A Praia do Meio deve ter esse nome por conta da formação rochosa que separa duas pequenas baías. Bem no meio da praia, forma-se, em direção ao mar, uma quase montanha que queria ser maior e não foi. Algo parecido com o que estava sendo o meu lance com o Cadu. Um quase relacionamento que queria ser maior e não foi. Quando paro de fazer comparações entre a praia e a minha vida particular, olho em volta mais uma vez e noto o contraste do azul turquesa do mar com o verde das montanhas. Daqui, é possível ver a imensidão do oceano e a água cristalina da enseada.

― Quem vai ser o primeiro a entrar na água!? - grita animadamente a Babi.

Todas as garotas se esquivam, fazendo gestos corporais que claramente dizem "eu não" sem precisarem falar.
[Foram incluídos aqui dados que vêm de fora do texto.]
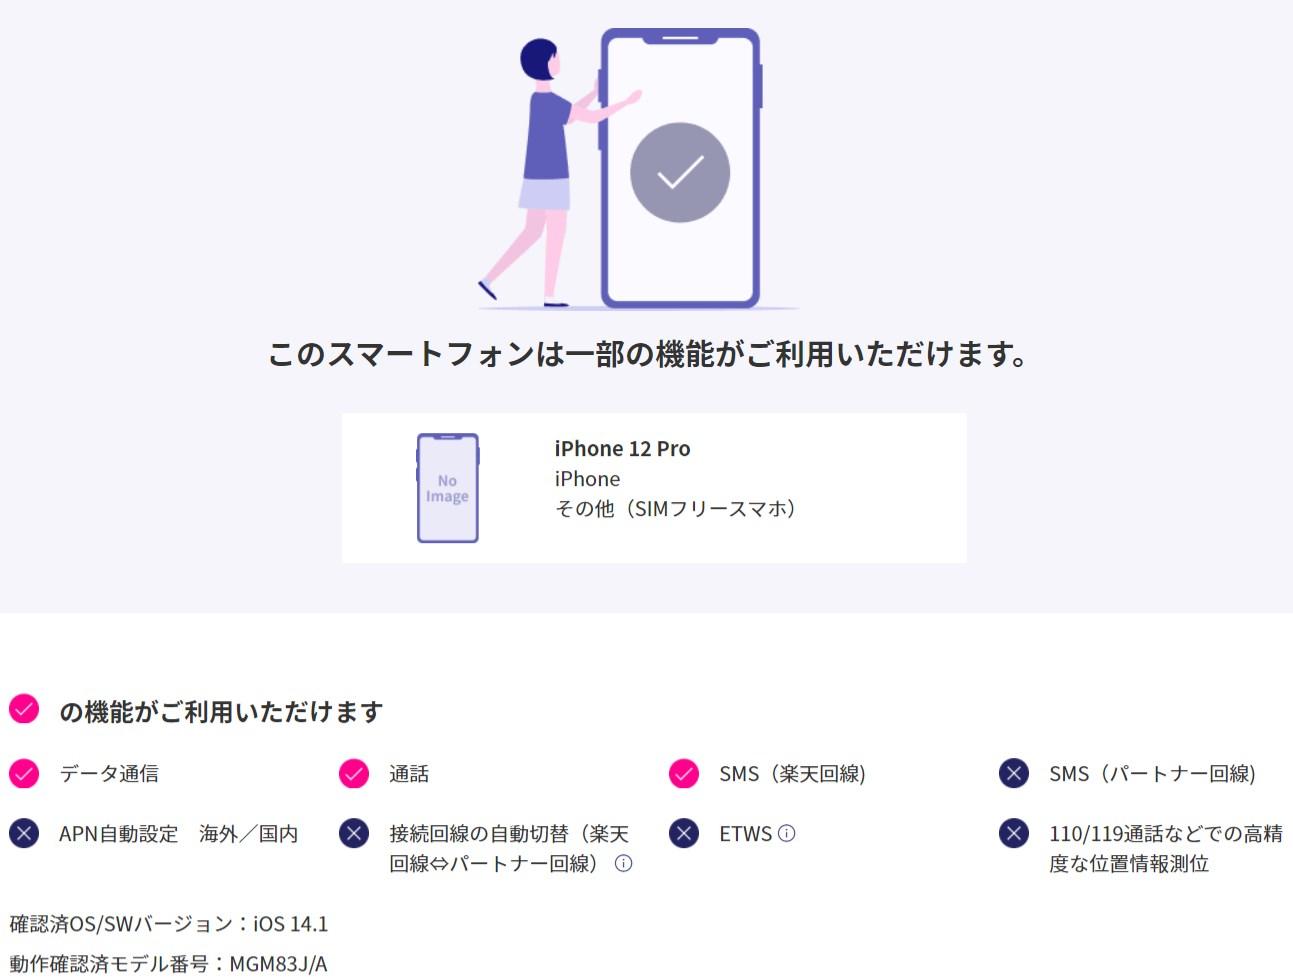 iPhone 12 Pro(SIMフリー版)楽天モバイルでの対応状況

Júlio então se aproxima de Bárbara e a levanta no colo enquanto diz entusiasmado:

― Geralmente, a resposta está em quem pergunta!

Ele corre em direção ao mar e joga Babi na água. Ela grita tanto que acorda uma senhora que dormia sob seu chapéu de sol. Ambos ficam brincando de se atacarem mutuamente na água, e eu noto o olhar incomodado na face da Samanta.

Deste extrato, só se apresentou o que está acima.